РЕКВИЕМ ПО ВСАДНИКАМ: сонет Юрия Маракулина в контексте русского апокалипсиса


Будучи погруженным в контекст современной русской поэзии, которая, преодолевая искушение маргинальности и тотальной иронии, пытается обрести новый язык для высказывания о травматическом историческом опыте, мы не можем не признать сонет Юрия Маракулина текстом-аномалией, т.к. он, отбрасывая постмодернистскую игровую условность, совершает дерзкий и тотальный возврат к архетипическим, мифологическим и собственно трагическим основаниям бытия, выстраивая сложнейшую систему аллюзий – от осевого времени Осипа Мандельштама и Александра Блока до вневременного архетипа всадника на бледном коне, предпринимая попытку исследовать не столько историю как последовательность событий, сколько метафизику истории как роковой цикл, в котором воля к жизни и воля к смерти оказываются неразделимы. С формальной точки зрения, перед нами – классический сонет, чья четырнадцатистрочная структура, организованная по схеме aBBa aBBa CCd EEd, с отчетливым членением на катрены и завершающие терцеты, служит не данью традиции, а становится идеальным сосудом для содержательного напряжения между дисциплиной формы и хаосом исторического содержания, между строгим ритмом пятистопного ямба, звучно отбивающего шаг уходящих поколений, и сбивчивым, почти прозаическим синтаксисом, передающим дыхание исповеди.

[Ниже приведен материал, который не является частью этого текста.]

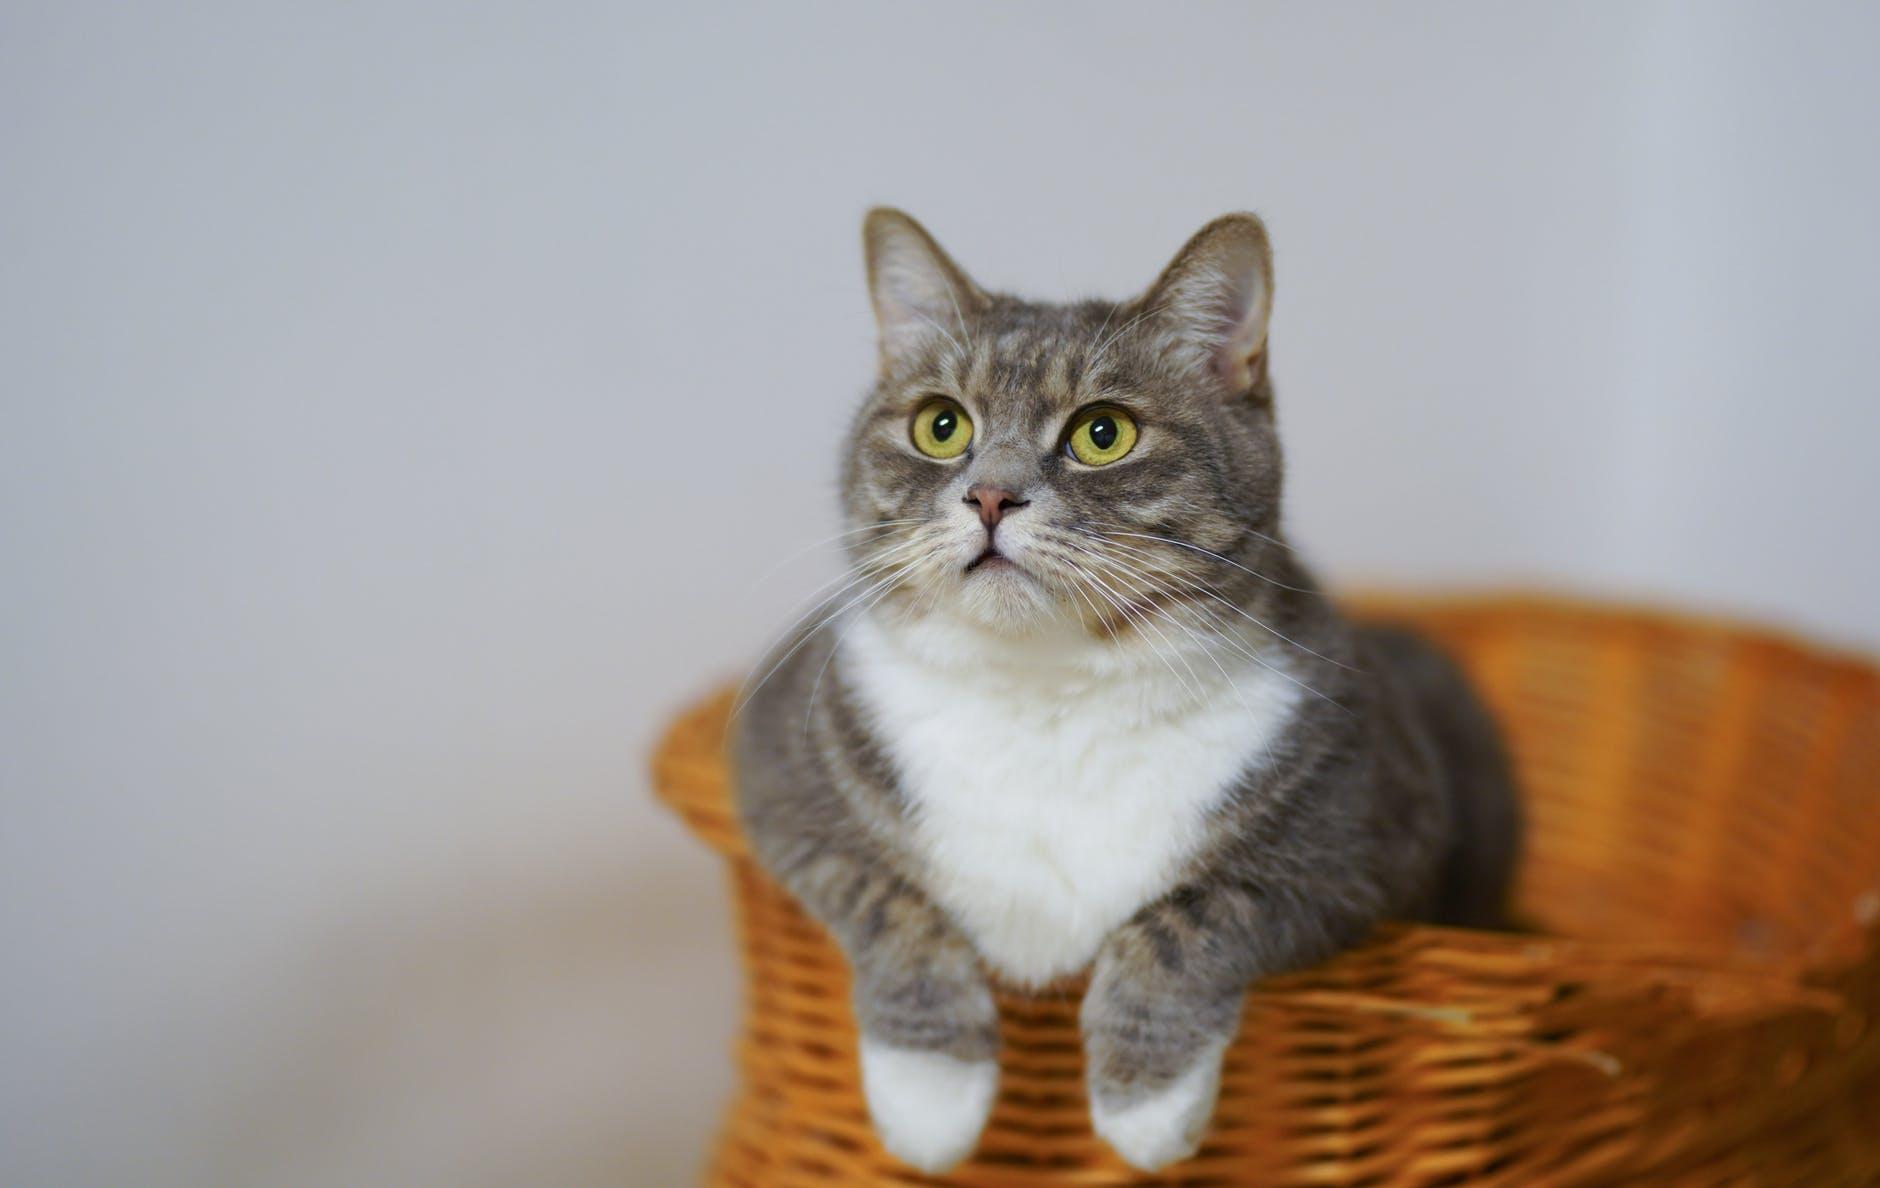 El gato es un felino pequeño

Первый катрен, чья мощь заключена в его гамлетовской афористичности («Мильоны – вас. Нас – меньше с каждым днем»), немедленно устанавливает центральный конфликт – конфликт квантового, безликого множества («вас») и исчезающего, но качественно иного меньшинства («нас»), конфликт, который, будучи лишенным прямых оценочных суждений, тем не менее обретает экзистенциальную глубину в признании фатальной несправедливости жизни, что придает всей конструкции характер не жалобы, а стоического приятия собственной обреченности, усиливаемого семантическим и фонетическим скатом от гордого этнонима «скифы» к уничижительному, почти плебейскому «скуфы», который, однако, лишается своего уничижительного смысла, возводясь в ранг знака избранничества.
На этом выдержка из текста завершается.